Brief> Please, in the data that follows, copy exactly the lines from the line with "N701 1-Seater Upholstered" through the last one, both included. Do not include pictures.

Information shown>
◆ ◆ ◆ ◆ ◆ ◆ ◆

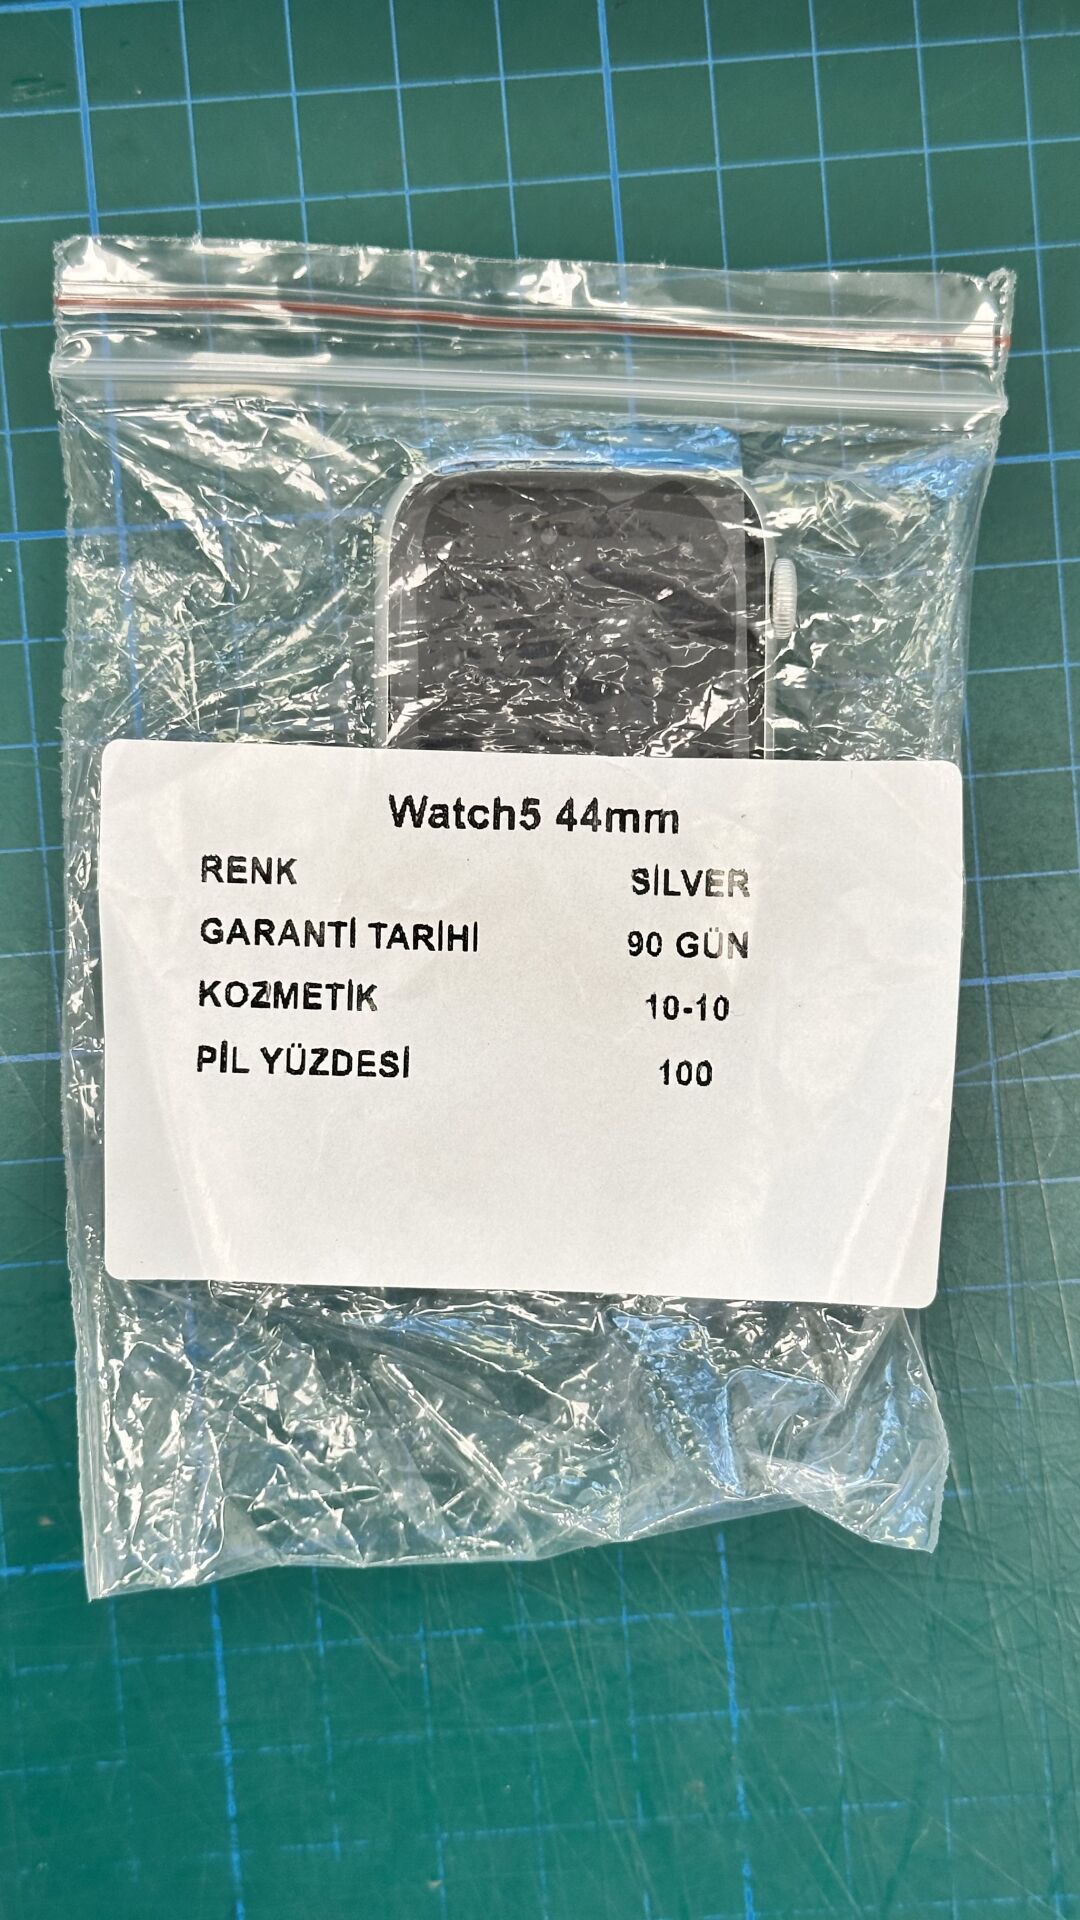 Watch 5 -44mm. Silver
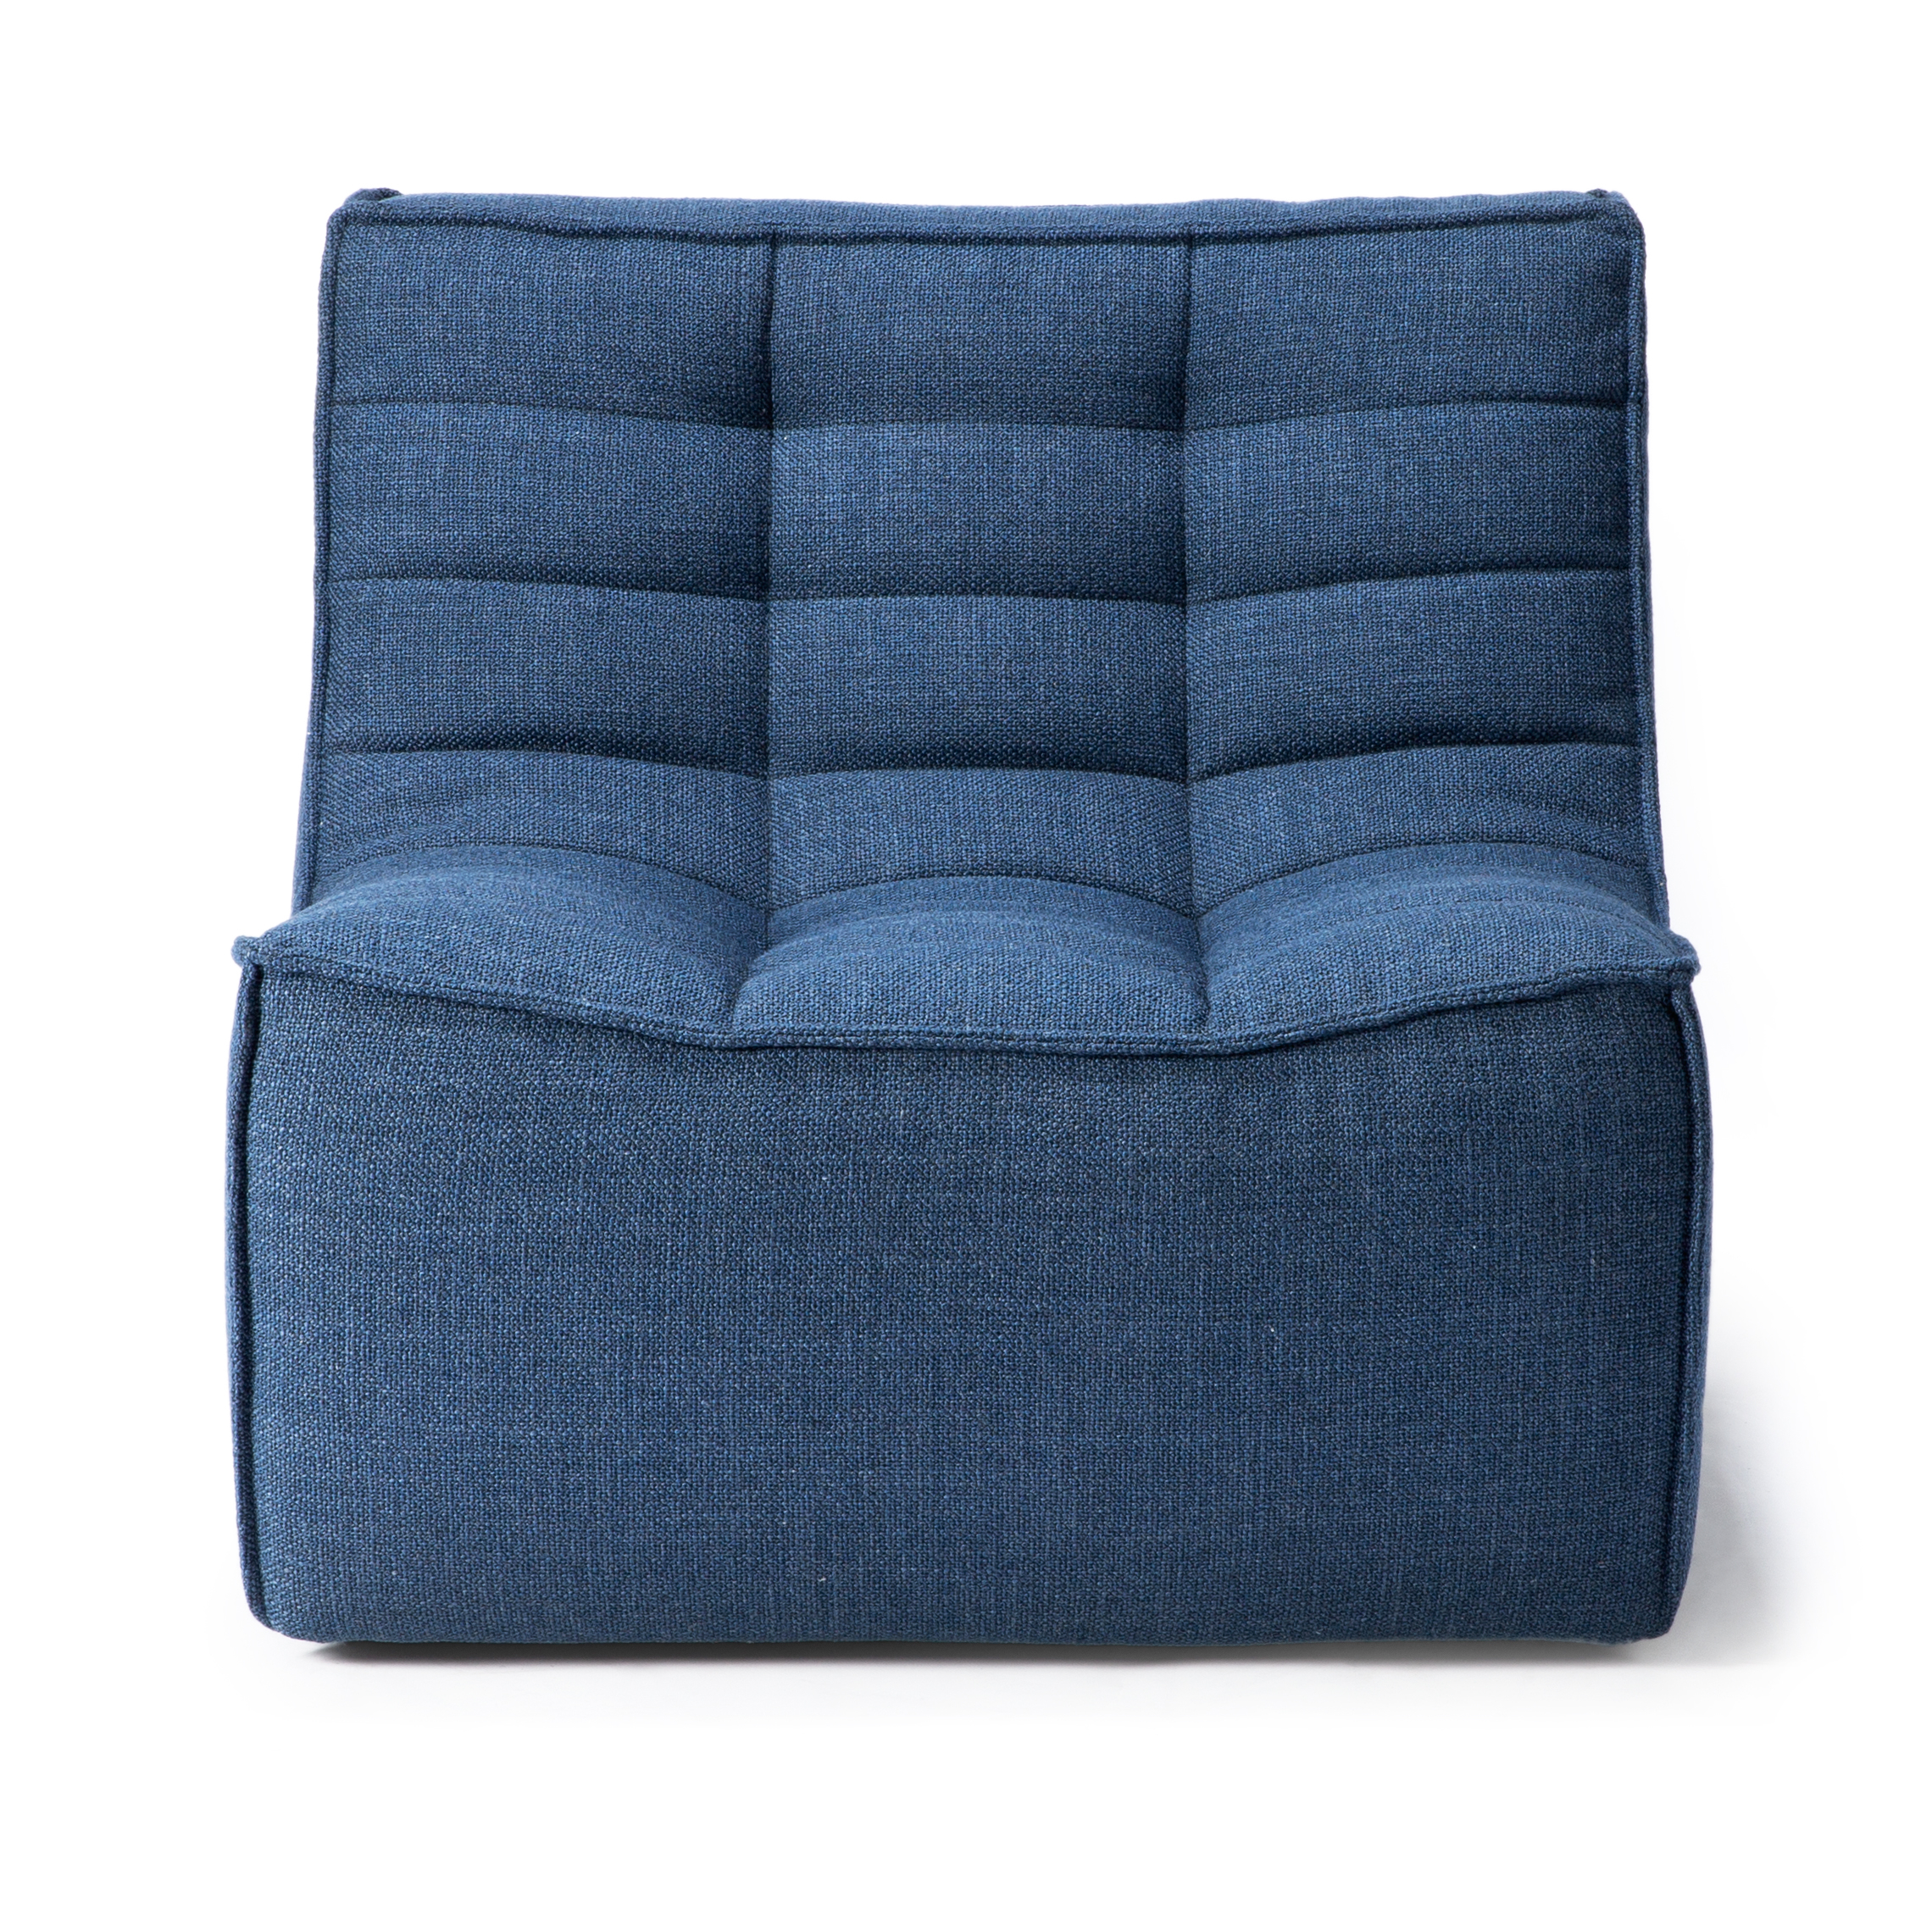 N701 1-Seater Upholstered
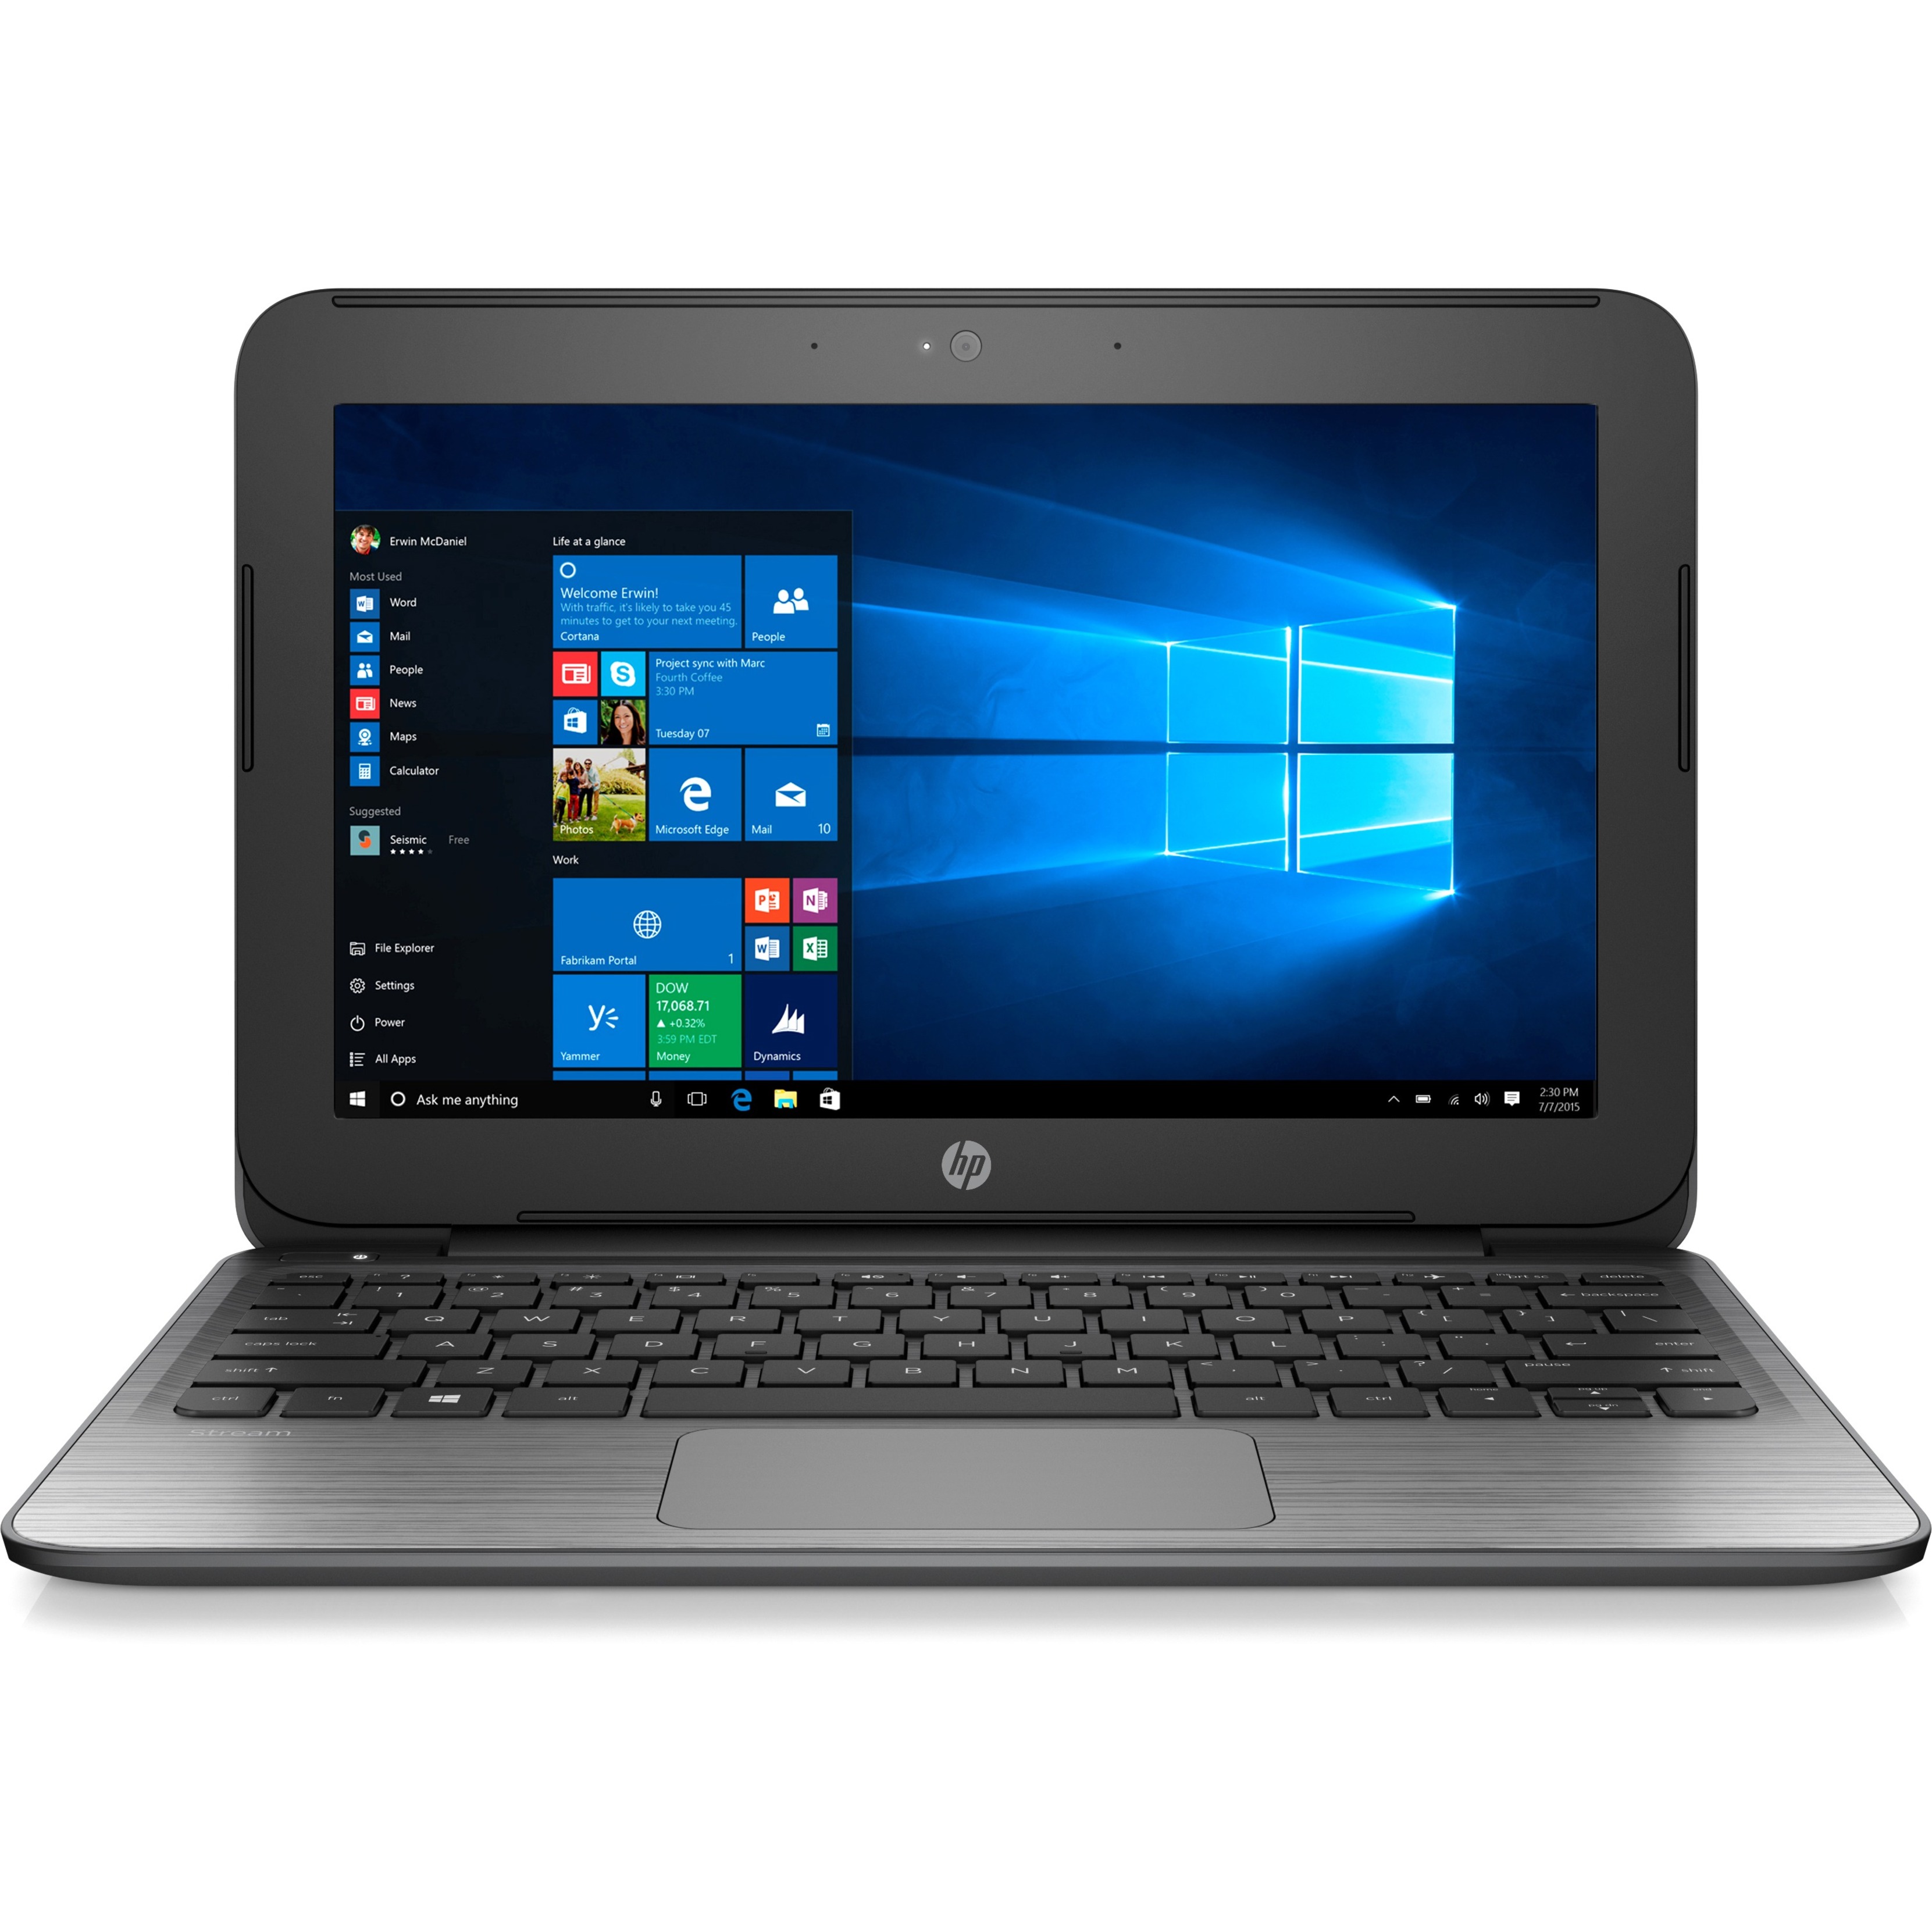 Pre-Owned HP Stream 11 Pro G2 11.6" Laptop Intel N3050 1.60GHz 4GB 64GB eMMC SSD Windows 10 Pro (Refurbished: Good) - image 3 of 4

◆ ◆ ◆ ◆ ◆ ◆ ◆

Solution to this exercise>
 N701 1-Seater Upholstered
 Pre-Owned HP Stream 11 Pro G2 11.6" Laptop Intel N3050 1.60GHz 4GB 64GB eMMC SSD Windows 10 Pro (Refurbished: Good) - image 3 of 4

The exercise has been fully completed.